WORK ITEM:
Could you repeat exactly the lines below, from the line containing "Herdenking van de" through the last one, both included, while leaving out any pictures?

SUPPLIED MATERIAL:

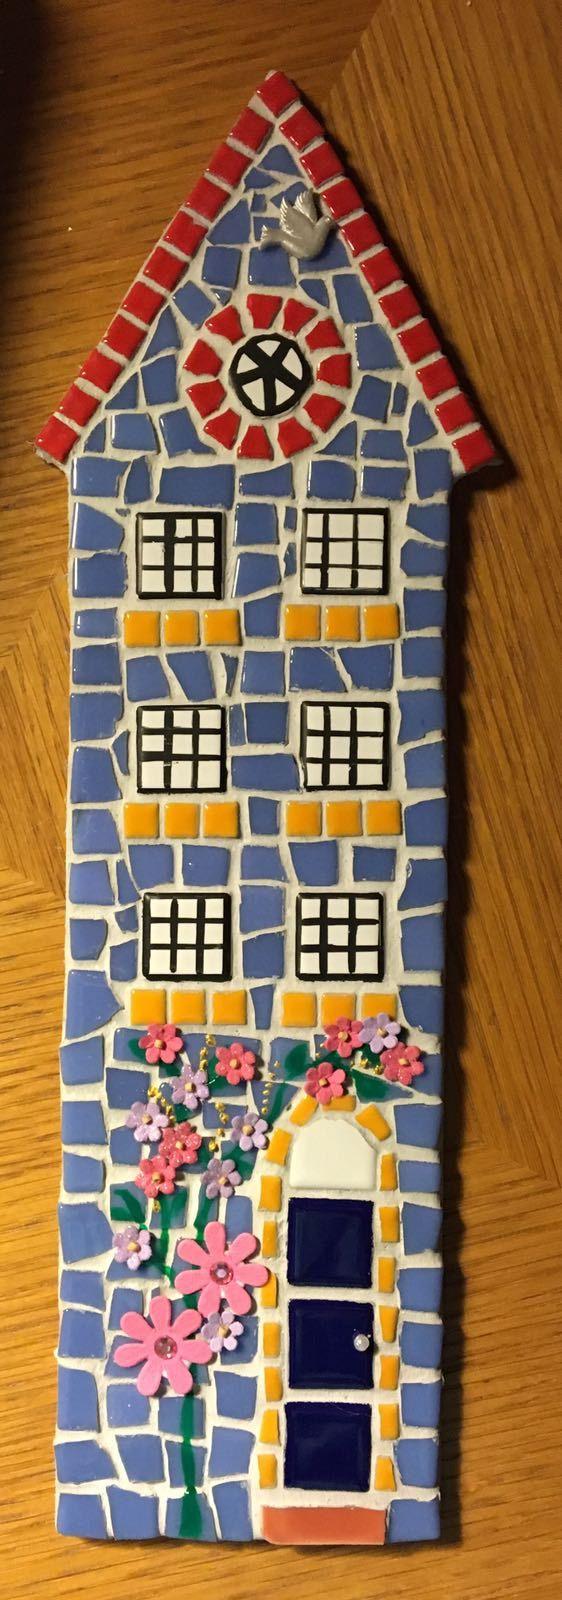 Nouveau cadeau maison maison mosaïque fait à la main
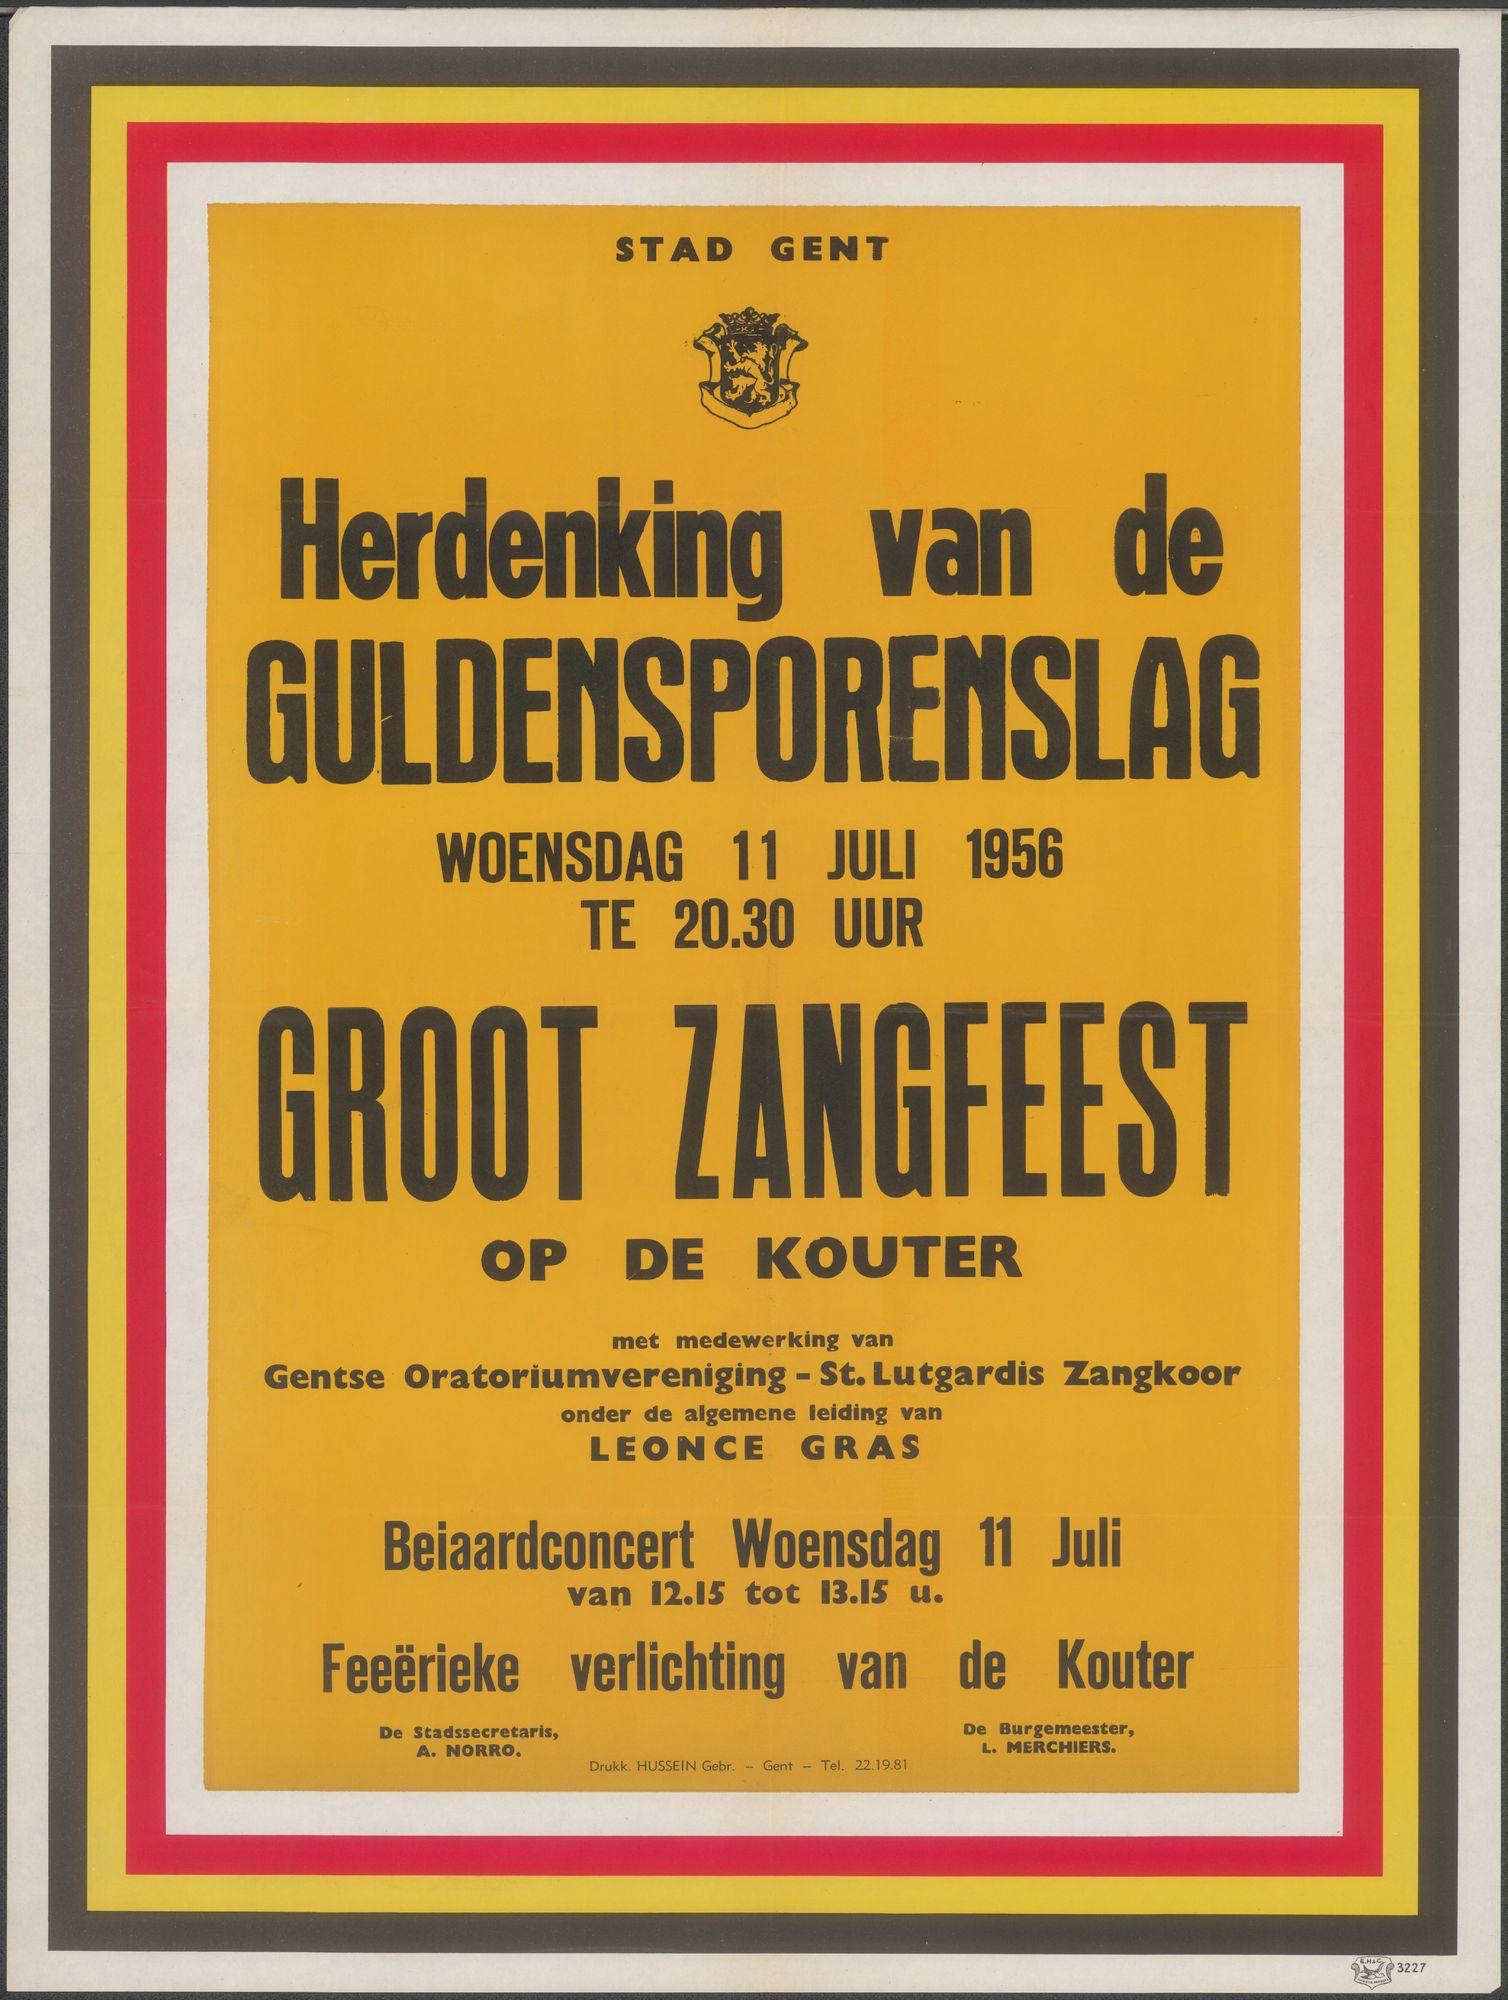 Herdenking van de Guldensporenslag, Groot zangfeest op de Kouter, Beiaardconcert, Gent, woensdag 11 juli 1956, Stad Gent
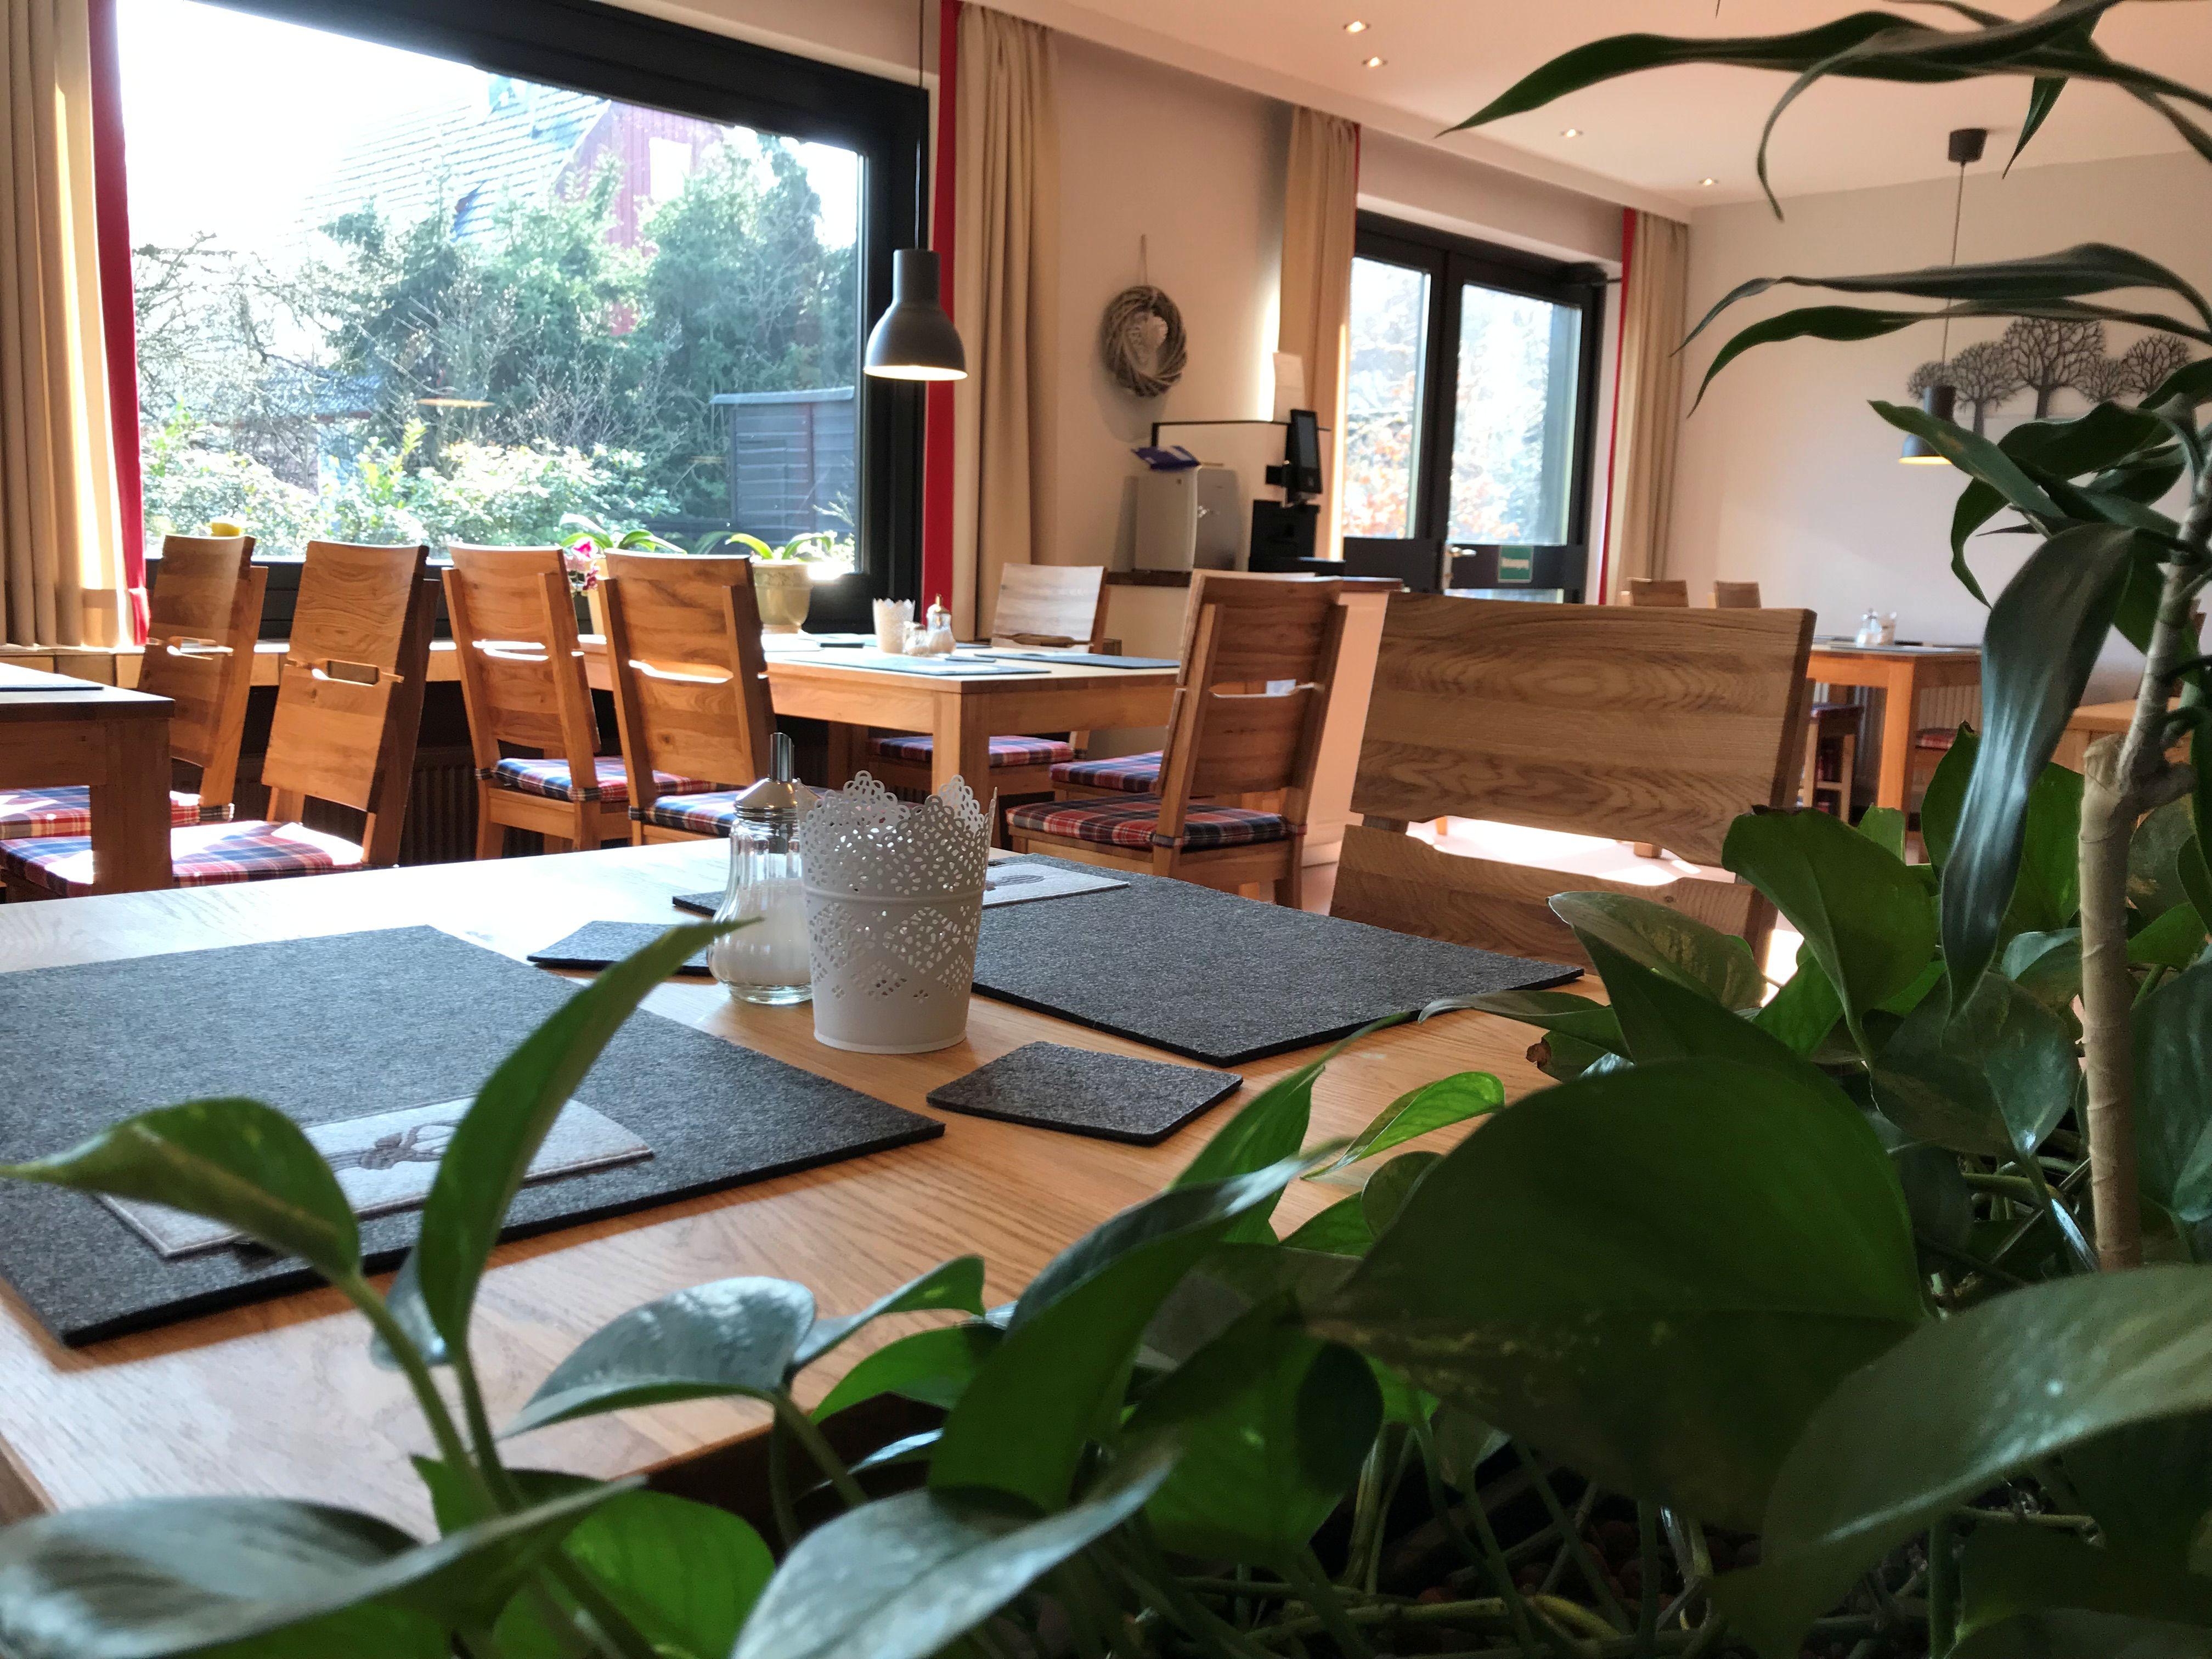 Haus am Hochwald in Hahnenklee - Restaurant

EXERCISE RESULT:
 Herdenking van de Guldensporenslag, Groot zangfeest op de Kouter, Beiaardconcert, Gent, woensdag 11 juli 1956, Stad Gent
 Haus am Hochwald in Hahnenklee - Restaurant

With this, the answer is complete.